ALGUNAS NOTAS DE LA SANTIDAD EN EL MUNDO ACTUAL,

muy a su estilo concreto y práctico, el Romano Pontífice nos recuerda algunas exigencias para vivir la santidad hoy: la capacidad de aguante, la paciencia y la mansedumbre; la alegría y el sentido del humor; la audacia y el fervor, el sentido de la vida en comunidad y la perseverancia en la oración; además nos manifiesta algunos riesgos y límites de la cultura de hoy: la ansiedad nerviosa y violenta que nos dispersa y nos debilita; la negatividad y la tristeza; la acedia cómoda, consumista y egoísta; el individualismo, y tantas formas de falsa espiritualidad sin encuentro con Dios que reinan en el mercado religioso actual.
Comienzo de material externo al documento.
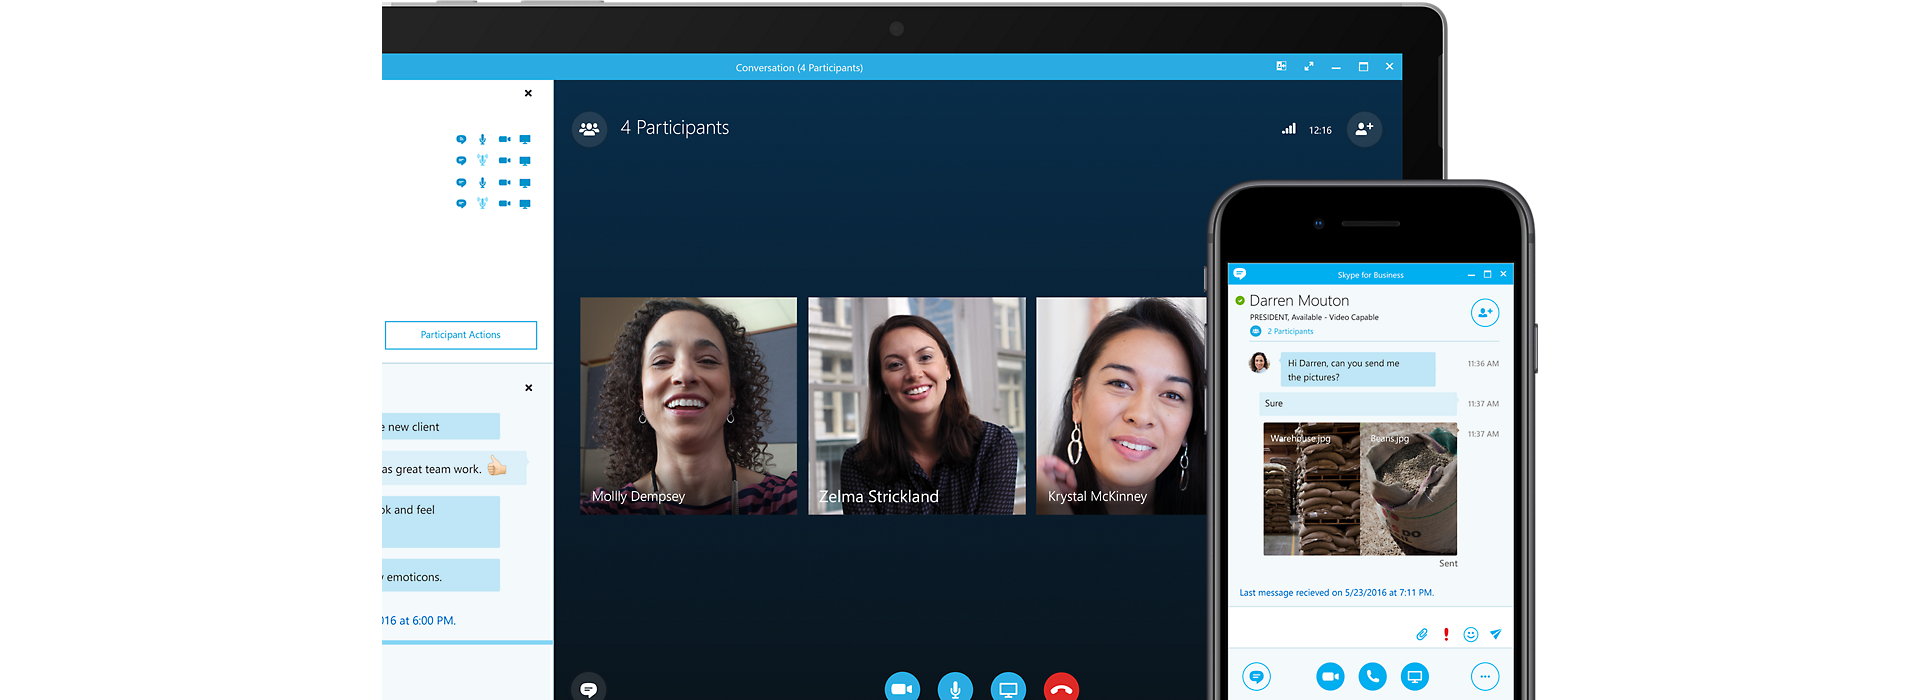 Preklopljeni zaslon uređaja sa sastankom aplikacije Skype za tvrtke online pokraj zaslona mobilnog uređaja povezanog s istim sastankom

Finalmente, encontramos el capítulo V intitulado

COMBATE, VIGILANCIA Y DISCERNIMIENTO,

en este bloque o segmento el Papa nos recuerda que la vida cristiana es un combate permanente. Se requieren fuerza y valentía para resistir las tentaciones del diablo y anunciar el Evangelio. Esta lucha es muy bella, porque nos permite celebrar cada vez que el Señor vence en nuestra vida. Para saber superar todo obstáculo en la vida de santidad, necesitamos el don del discernimiento que no supone solamente una buena capacidad de razonar o un sentido común, es también un don que hay que pedir. Si lo pedimos confiadamente al Espíritu Santo, y al mismo tiempo nos esforzamos por desarrollarlo con la oración, la reflexión, la lectura y el buen consejo, seguramente podremos crecer en esta capacidad espiritual. Termina esta exhortación con una rica con clusión, en la que nos recuerda el sucesor de Pedro a la Santísima Virgen María como la mujer bienaventurada que vivió la santidad de su Hijo y con la firme esperanza que estas páginas sean útiles para que toda la Iglesia se dedique a promover el deseo de la santidad. Espero esta síntesis, siempre limitada, sea motivación e impulso para acercarnos a leer y estudiar este valioso documento que será sin lugar a dudas un faro doctrinal y pastoral para todos los creyentes.

Monseñor Eduardo Carmona Ortega
Obispo de la Diócesis de Parral

¿Santo yo?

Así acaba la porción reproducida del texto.